Listed Building – Grade I
- Official name: Beningbrough Hall
- Designated: 28 February 1952
- Reference no.: 1150998

National Register of Historic Parks and Gardens
- Official name: Beningbrough Hall
- Designated: 10 May 1984
- Reference no.: 1001057

= Beningbrough Hall =

Listed building in North Yorkshire, England

Beningbrough Hall is a large Baroque mansion near the village of Beningbrough, North Yorkshire, England, and overlooks the River Ouse.

It has baroque interiors, cantilevered stairs, wood carving and central corridors which run the length of the house. Externally the house is a red-brick Baroque mansion with a grand drive running to the main frontage and a walled garden, The house is home to changing exhibitions on the first floor art gallery and stories of the estate on the ground floor. It has a restaurant, shop and garden shop, and was shortlisted in 2010 for the Guardian Family Friendly Museum Award.
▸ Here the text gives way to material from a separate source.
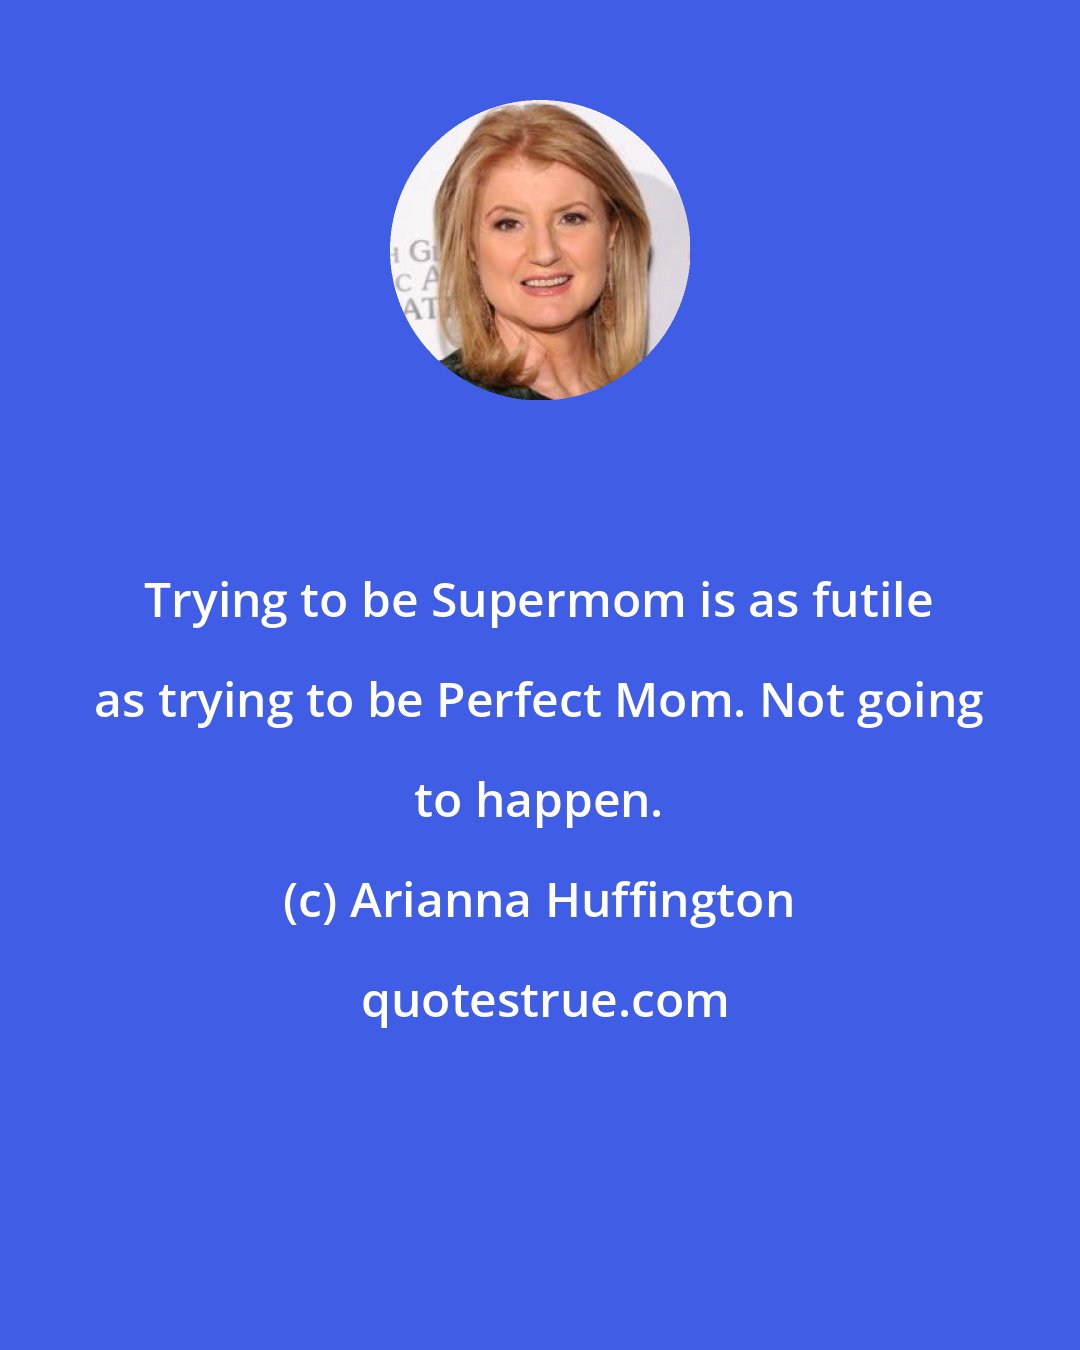 Arianna Huffington: Trying to be Supermom is as futile as trying to be Perfect Mom. Not going to happen.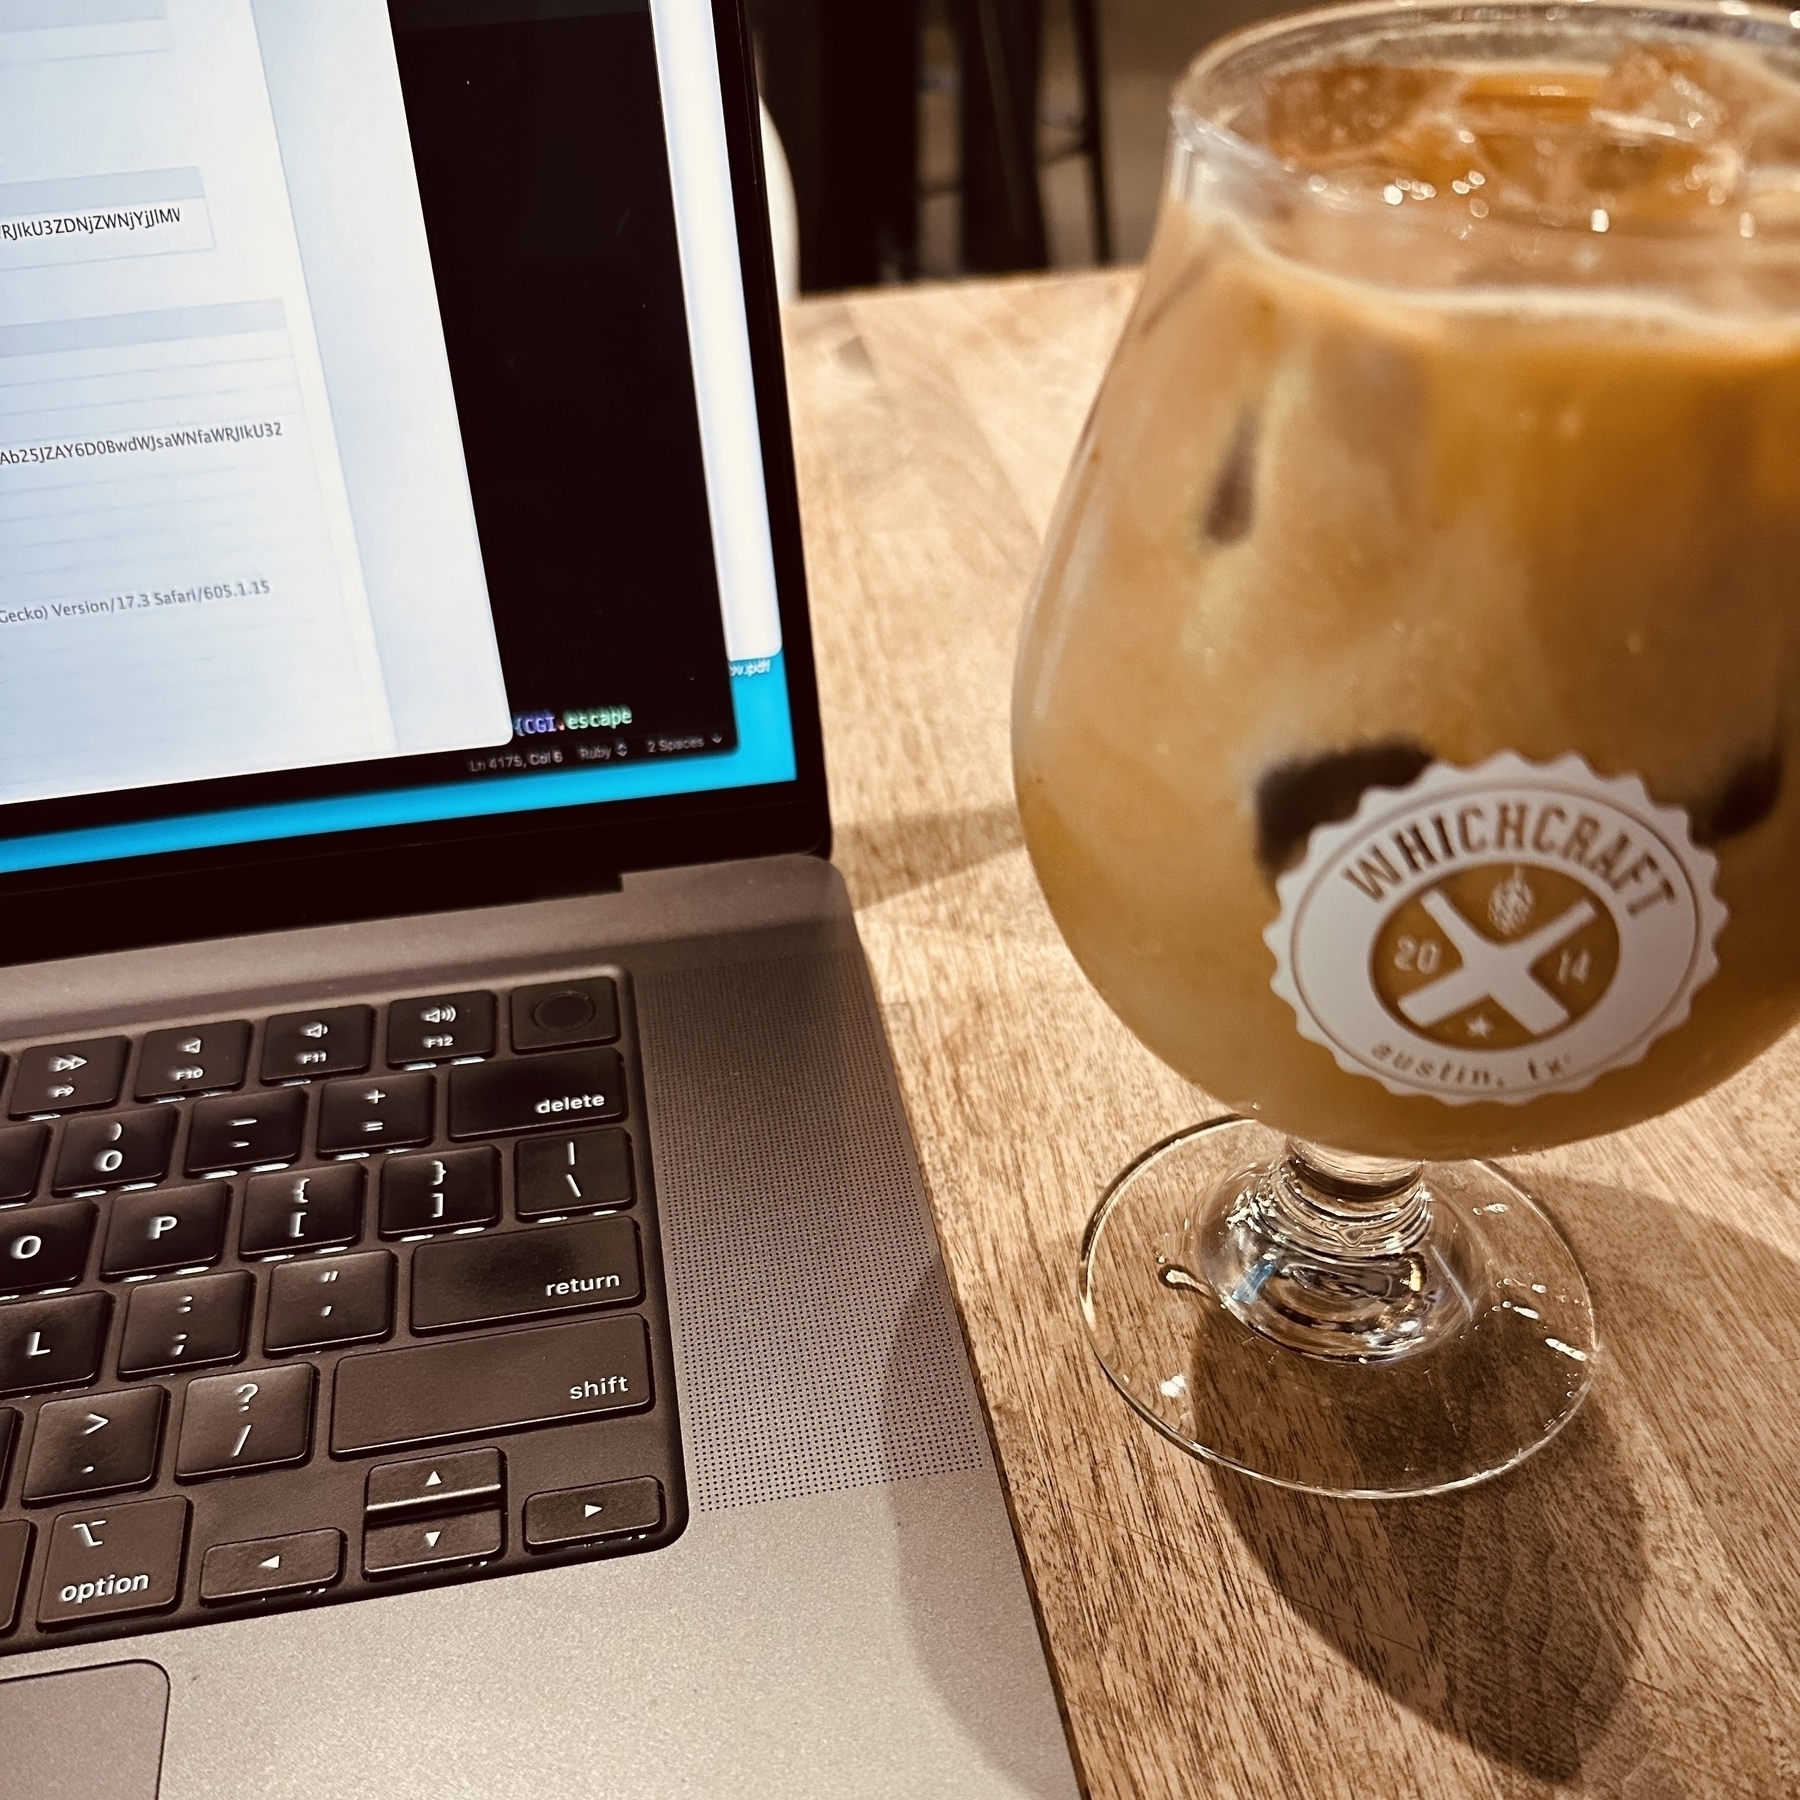 A glass of iced coffee sits on a table next to a laptop with text on its screen, part of a server message in Safari. The glass says Whichcraft.

The hall is set in extensive grounds and is separated from them by a ha-ha (a sunken wall) to prevent sheep and cattle entering the estate's gardens or the hall itself. The gardens are undergoing a redesign by garden designer Andy Sturgeon.

==History==
Beningbrough Hall, situated 10 km north-west of York, was built in 1716 by a York landowner, John Bourchier III to replace his family's modest Elizabethan manor, which had been built in 1556 by Sir Ralph Bourchier on his inheritance to the estate. Local builder William Thornton oversaw the construction, but Beningbrough's designer remains a mystery; possibly it was Thomas Archer. Bourchier was High Sheriff of Yorkshire for 1719–1721 and died in 1736 at the age of 52.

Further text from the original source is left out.